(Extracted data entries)
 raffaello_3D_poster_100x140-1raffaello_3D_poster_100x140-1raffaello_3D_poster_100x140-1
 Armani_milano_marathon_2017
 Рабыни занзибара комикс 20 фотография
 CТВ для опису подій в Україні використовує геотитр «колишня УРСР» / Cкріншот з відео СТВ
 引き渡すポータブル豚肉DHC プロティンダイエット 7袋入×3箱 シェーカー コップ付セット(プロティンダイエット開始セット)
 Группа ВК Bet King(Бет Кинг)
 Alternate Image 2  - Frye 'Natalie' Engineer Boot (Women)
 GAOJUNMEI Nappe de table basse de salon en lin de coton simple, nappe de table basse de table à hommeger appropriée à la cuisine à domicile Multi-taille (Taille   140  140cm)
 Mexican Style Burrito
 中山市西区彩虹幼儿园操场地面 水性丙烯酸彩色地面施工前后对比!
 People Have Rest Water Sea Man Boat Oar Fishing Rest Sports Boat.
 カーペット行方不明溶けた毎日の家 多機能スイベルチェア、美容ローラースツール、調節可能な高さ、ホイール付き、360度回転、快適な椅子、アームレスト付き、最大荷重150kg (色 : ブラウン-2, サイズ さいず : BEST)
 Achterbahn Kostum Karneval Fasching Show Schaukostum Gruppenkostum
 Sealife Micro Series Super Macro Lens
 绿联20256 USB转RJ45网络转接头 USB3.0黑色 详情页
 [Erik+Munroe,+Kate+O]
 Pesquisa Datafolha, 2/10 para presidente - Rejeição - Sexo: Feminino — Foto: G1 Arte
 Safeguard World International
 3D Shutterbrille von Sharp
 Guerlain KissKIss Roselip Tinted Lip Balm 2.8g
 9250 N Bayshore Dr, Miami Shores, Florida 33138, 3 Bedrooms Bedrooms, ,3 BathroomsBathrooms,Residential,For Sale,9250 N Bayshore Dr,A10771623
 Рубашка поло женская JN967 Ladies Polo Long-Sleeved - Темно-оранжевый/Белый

**TASK GOAL**
Beginning with the line above that contains "People Have Rest", copy each line exactly up to and including the line that contains "Pesquisa Datafolha, 2/10", and go no further.

**RESPONSE**
 People Have Rest Water Sea Man Boat Oar Fishing Rest Sports Boat.
 カーペット行方不明溶けた毎日の家 多機能スイベルチェア、美容ローラースツール、調節可能な高さ、ホイール付き、360度回転、快適な椅子、アームレスト付き、最大荷重150kg (色 : ブラウン-2, サイズ さいず : BEST)
 Achterbahn Kostum Karneval Fasching Show Schaukostum Gruppenkostum
 Sealife Micro Series Super Macro Lens
 绿联20256 USB转RJ45网络转接头 USB3.0黑色 详情页
 [Erik+Munroe,+Kate+O]
 Pesquisa Datafolha, 2/10 para presidente - Rejeição - Sexo: Feminino — Foto: G1 Arte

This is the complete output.